Even more remarkable for a bloke who never saw much formal education beyond the first few grades of primary school. But I think there was more of a tradition of self-education then than there is now. Nowadays education is seen as a sort of punishment.


----------



## Forss (May 12, 2017)

brianvds said:


> Even more remarkable for a bloke who never saw much formal education beyond the first few grades of primary school. But I think there was more of a tradition of self-education then than there is now. Nowadays education is seen as a sort of punishment.


Goethe says somewhere that one shouldn't praise, but rather _blame_, any talented person who hasn't studied the good masters of his or her craft - and Beethoven certainly agreed!

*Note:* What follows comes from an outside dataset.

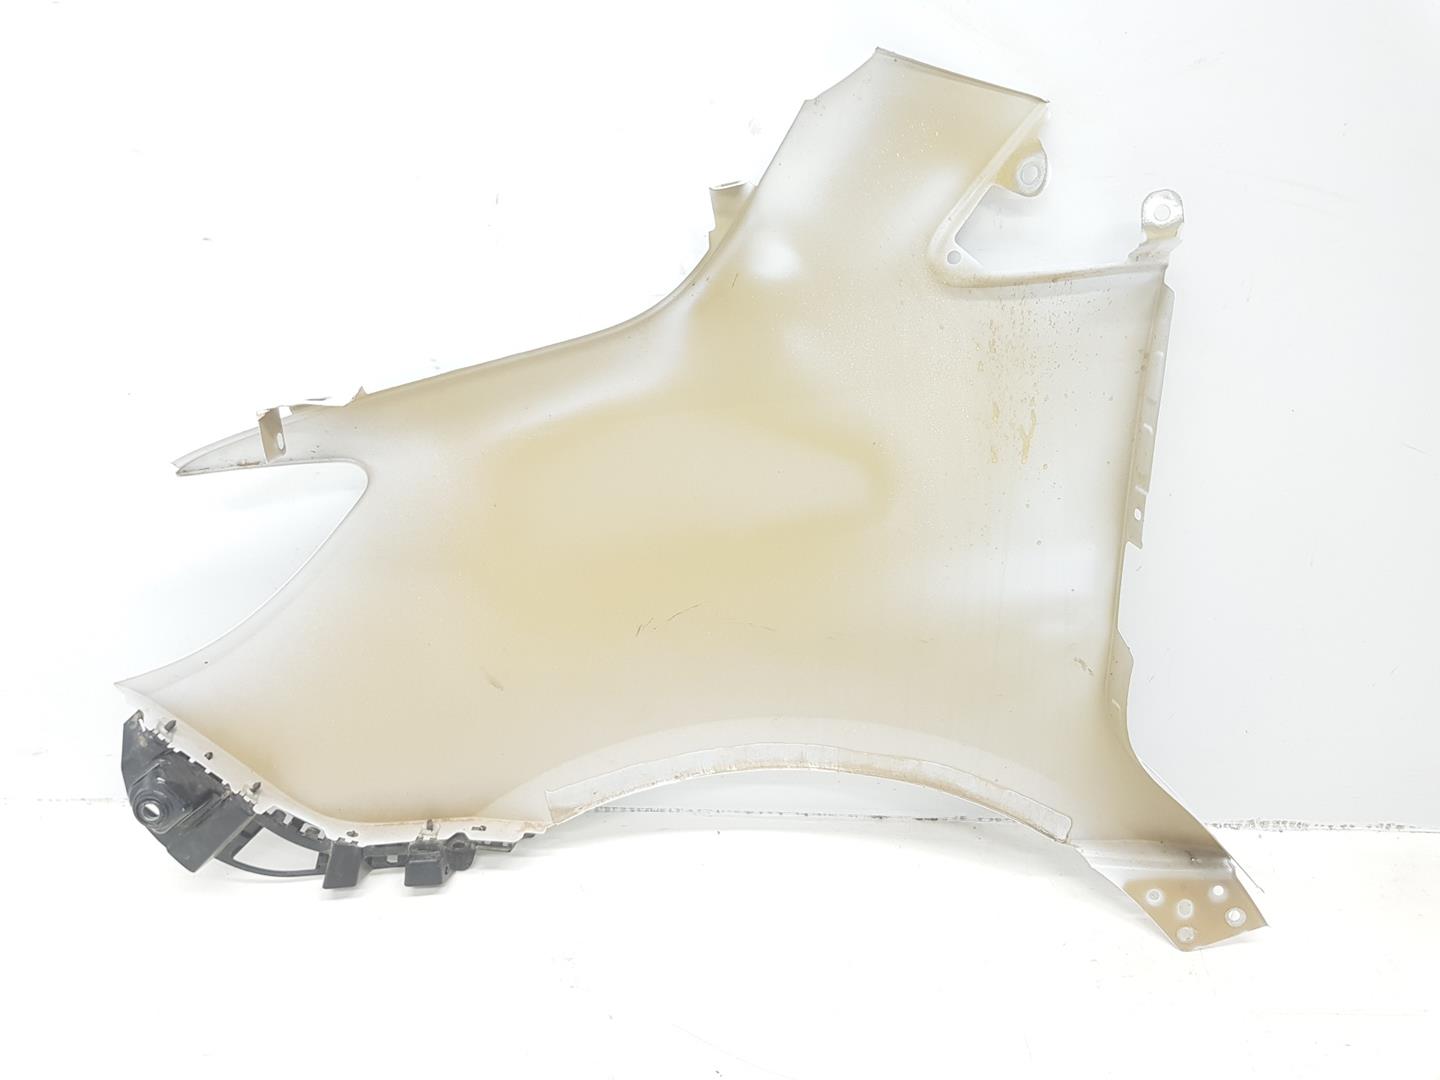 MERCEDES-BENZ Sprinter 1 generation (903) (1995-2006) Front Right Fender A9108810100, A9108810100, COLORBLANCO9147 19868168

I recently read a biography of Blaise Pascal, written by his sister, in which she explained how their father instructed Pascal's education entirely on his own, with a strong emphasis on religion, language (Latin and Greek), and mathematics. They read the classics in the original, as it were, and not secondary literature expounding on that very literature (in a most uninspiring way).

This sort of singular, idiosyncratic education is perhaps, alas, not possible in _our_ age, and it's a pity!


----------



## Mandryka (Feb 22, 2013)

What would be useful is the inventory of his books which was made after he died, even though it's apparently sketchy it would be better than nothing. I've searched for it before online but I've failed to find anything. I'd like to know, for example, if he had any scores of renaissance masses.


----------